§ **Exercise instructions**
After locating the line that contains "Phantom ММА спаринг", transcribe exactly that line and each one after it until the data ends, skipping pictures.

§ **Exercise material**

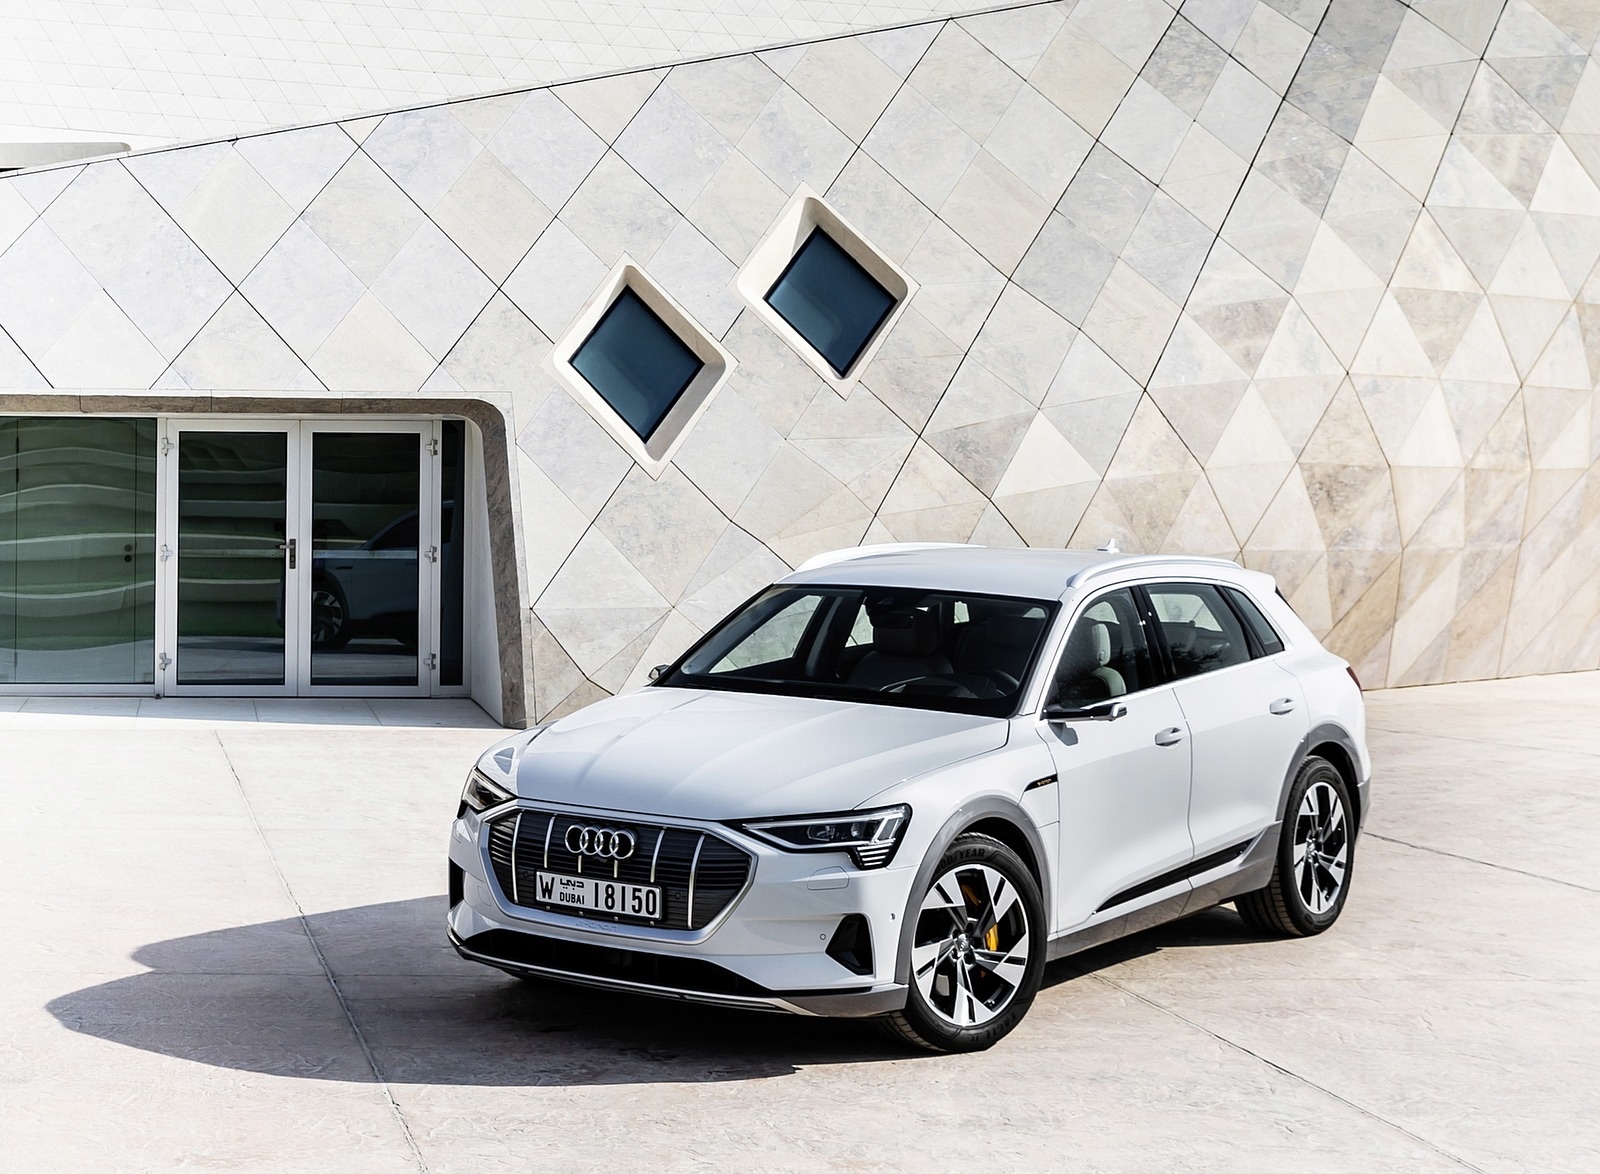 2019 Audi e-tron (Color: Glacier White) Front Three-Quarter Wallpapers #214 of 234
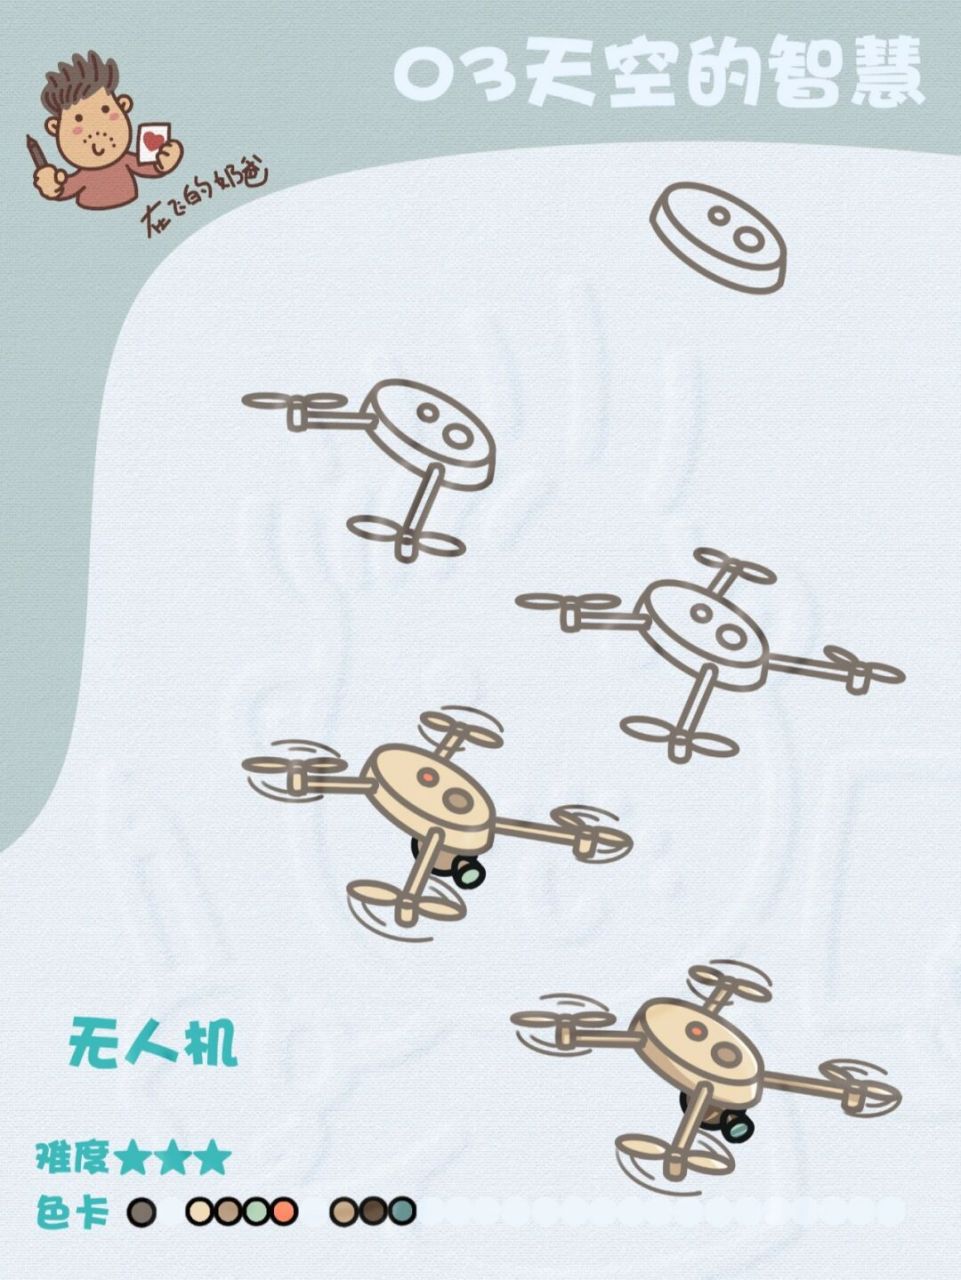 中国无人机简笔画图片
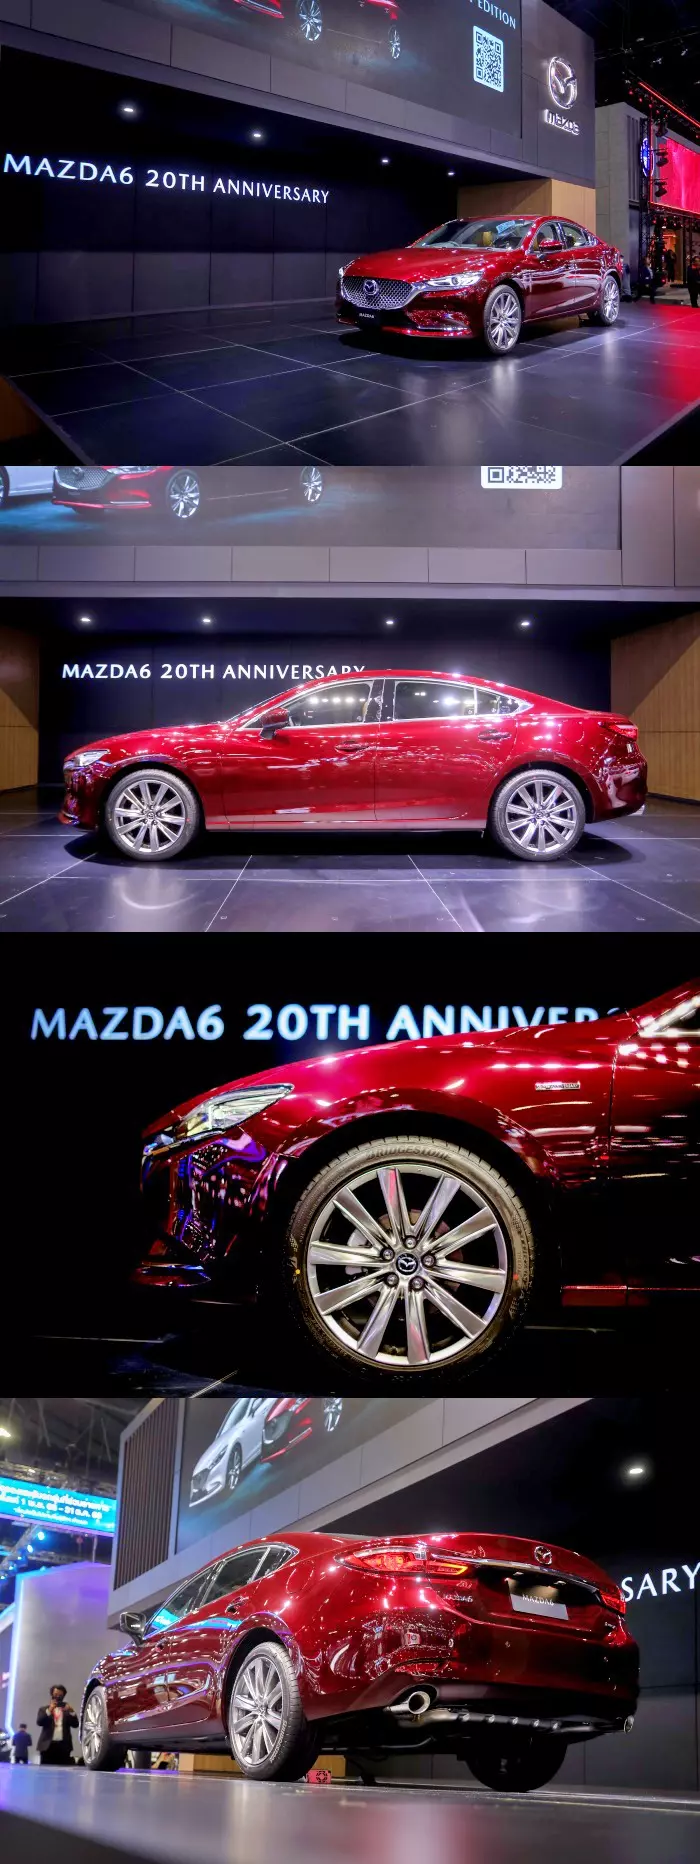  Mazda 6 20th Anniversary Edition
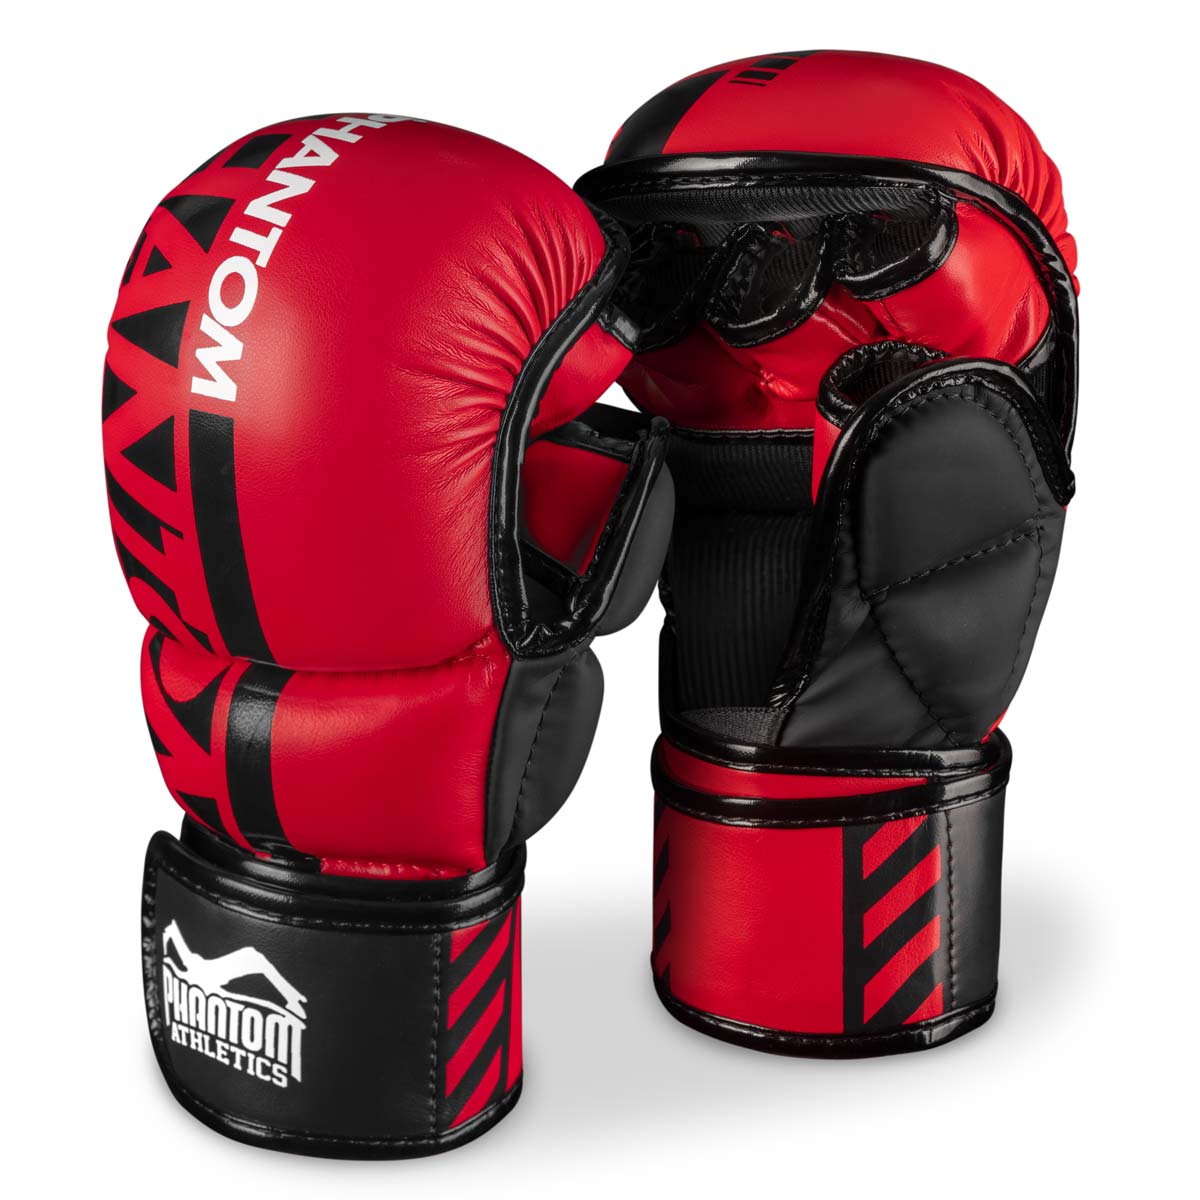 Phantom ММА спаринг рукавице. Најсигурнија рукавица за ваш тренинг борилачких вештина. Сада у ограниченој црвеној боји.
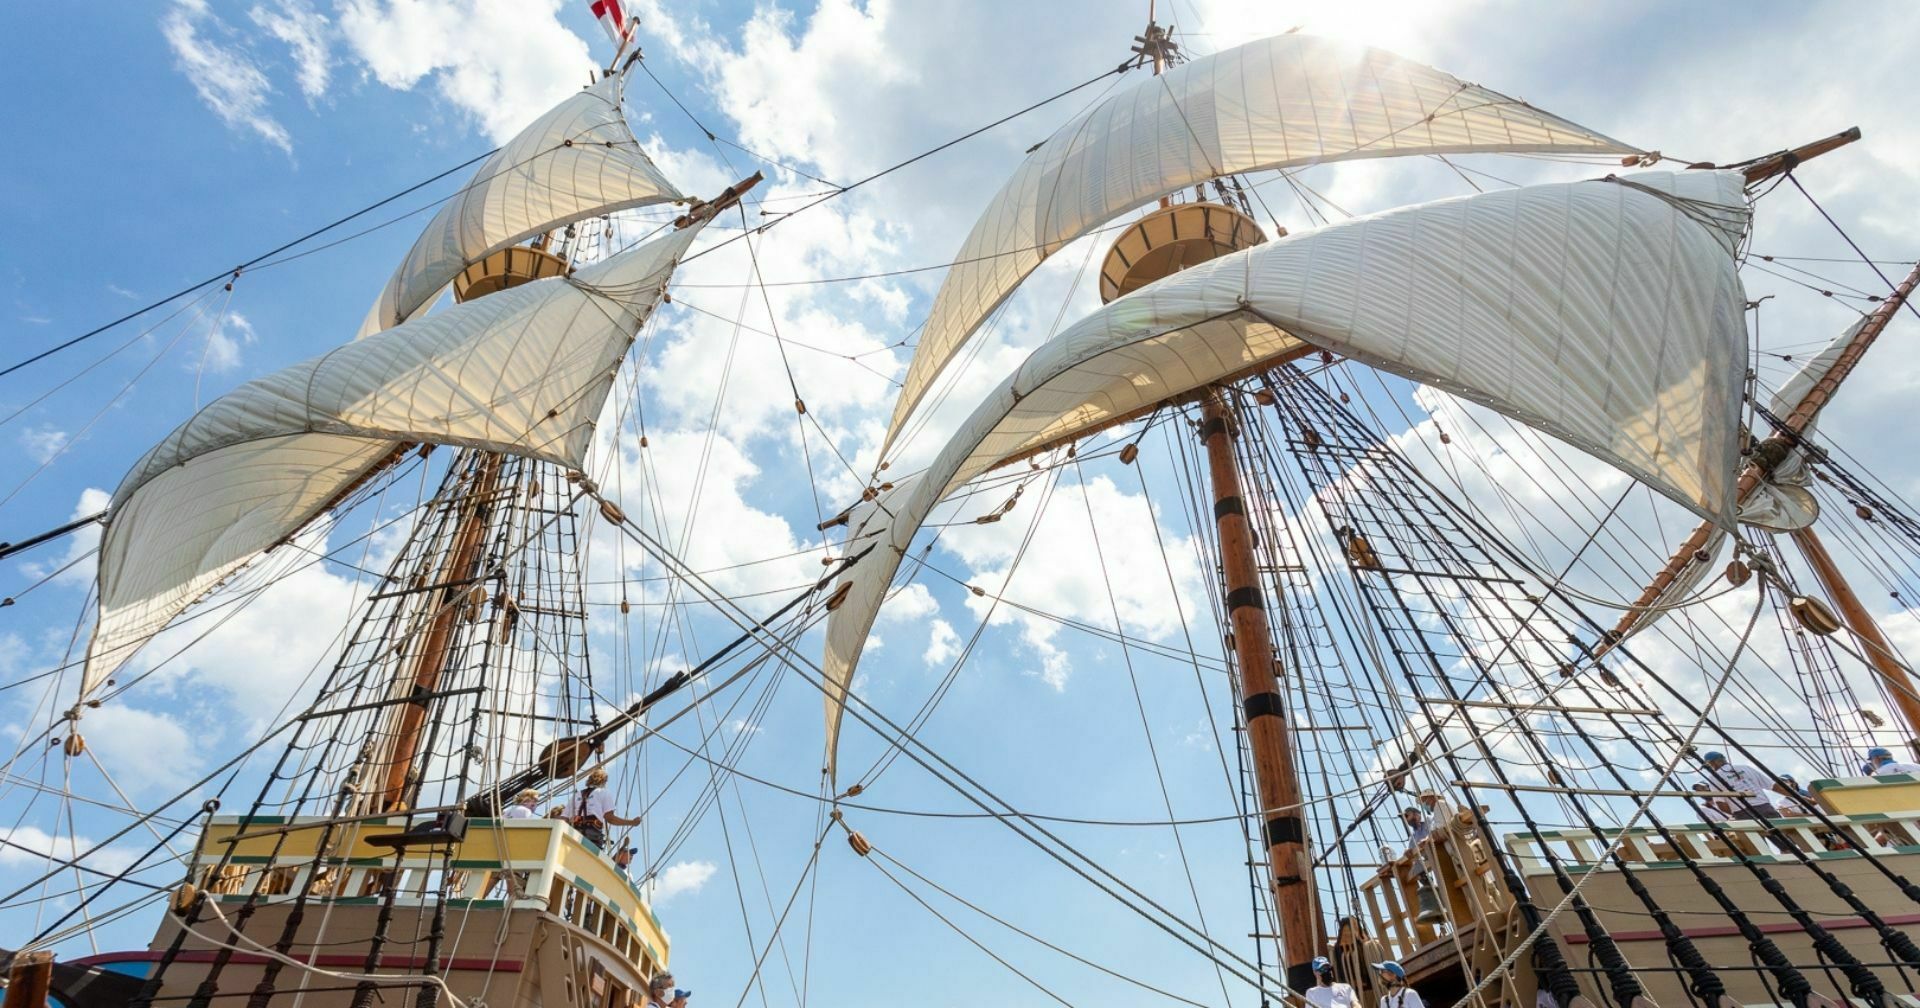 Mayflower full sails

§ **Result for this exercise**
 Phantom ММА спаринг рукавице. Најсигурнија рукавица за ваш тренинг борилачких вештина. Сада у ограниченој црвеној боји.
 Mayflower full sails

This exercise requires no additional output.